Cover of Doug E. Fresh & The Get Fresh Crew's The World's Greatest Entertainer.

Source: Reality Records

The Secret History of Doug E. Fresh & The Get Fresh Crew's 'The World's Greatest Entertainer'

Doug E. Fresh and personnel look back on the creation ofThe World’s Greatest Entertainer for the album's 30th anniversary.

This article has been handpicked from the Okayplayer editorial archives and included in our Hip Hop 50 collection as a noteworthy inclusion to the genre's rich and diverse narrative. The article has been edited for context to ensure its accuracy and relevance.
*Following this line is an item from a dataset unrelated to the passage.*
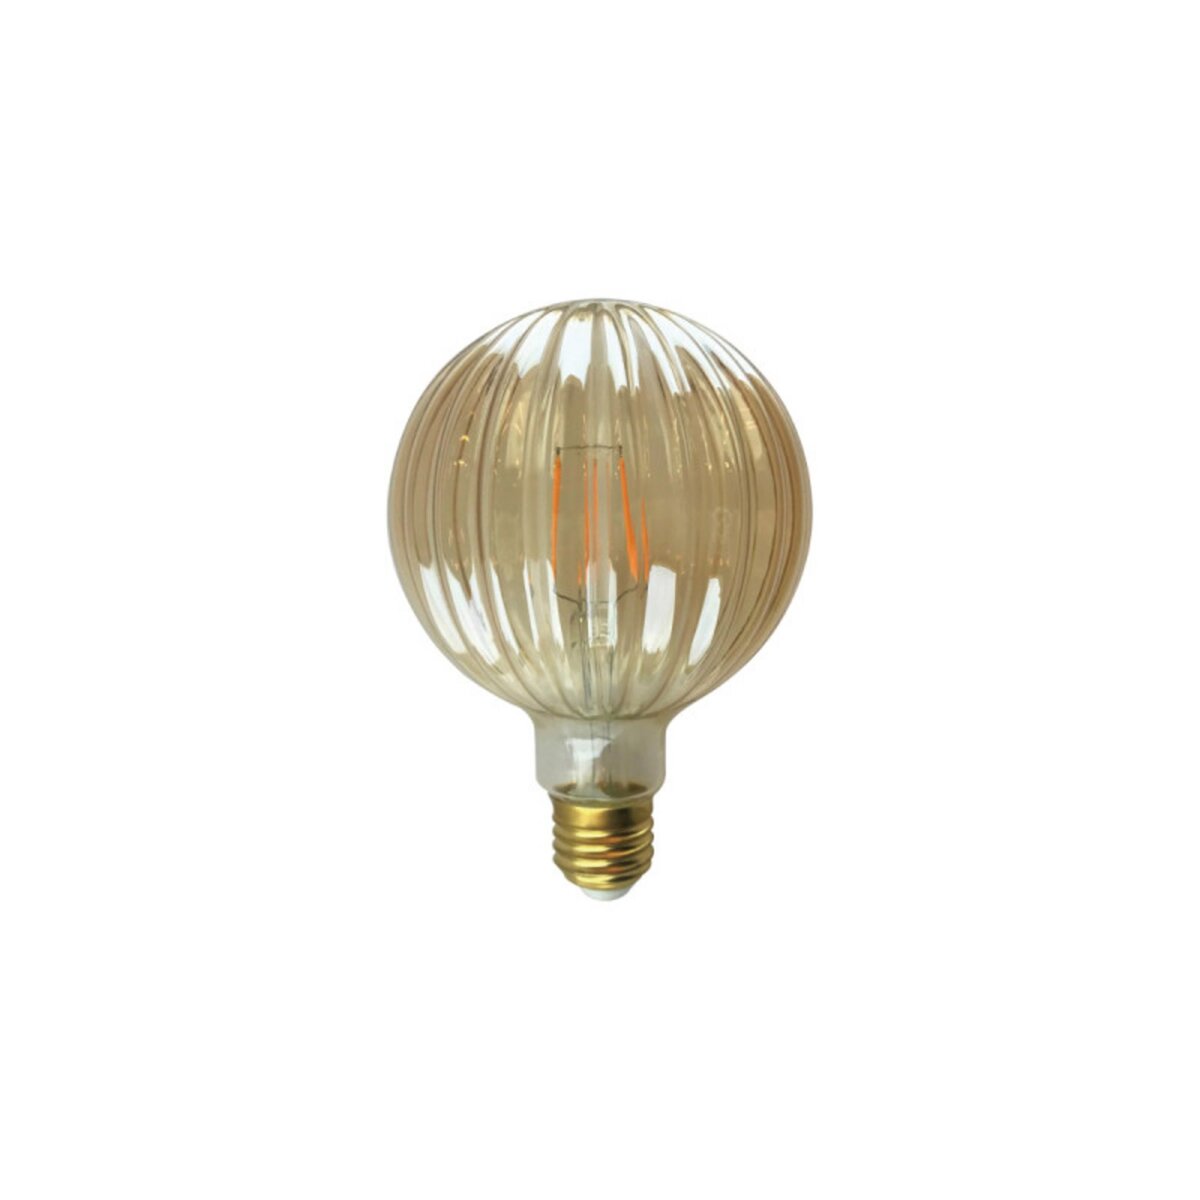  Ampoule LED striée ambrée XXCELL - 6 W - 500 lumens - 2700 K - E27

Harlem native Doug E. Fresh credits his ability to emulate any musical instrument with his mouth to countless hours of deliberate practice and careful study in school music programs. When his school started to cut music offerings due to budget restrictions as the 1970s gave way to the 1980s, he applied the techniques from class to his newfound artform—often beatboxing along to songs he heard in his neighborhood while walking down the street. “I come from a background of studying music, percussion, and things like that,” Fresh says. “I created the beatbox from playing the trumpet.”

To further sharpen his skill set, he took to conducting impromptu lunchroom performances at Charles Evans Hughes High School in Harlem. It was here that he first met Get Fresh Crew'sDJ Chill Will in 1980. As a sophomore at Charles Evans, Will remembers watching Fresh mesmerize a crowd with his beatboxing skills one day at lunch after hearing about his inimitable abilities from a friend.

Fresh and Will agreed to join forces a short time after the captivating lunchroom performance, with Doug taking on beatboxing and MCing duties while Will held down the turntables. Before long they were cranking out customized mixtapes for people in Will’s bedroom studio that sold for $25 a pop, roughly $60 in 2018 dollars. Although they made a decent chunk of change selling their highly sought-after tapes, they never imagined that rap music would take them all over the globe and give them financial security in their later years.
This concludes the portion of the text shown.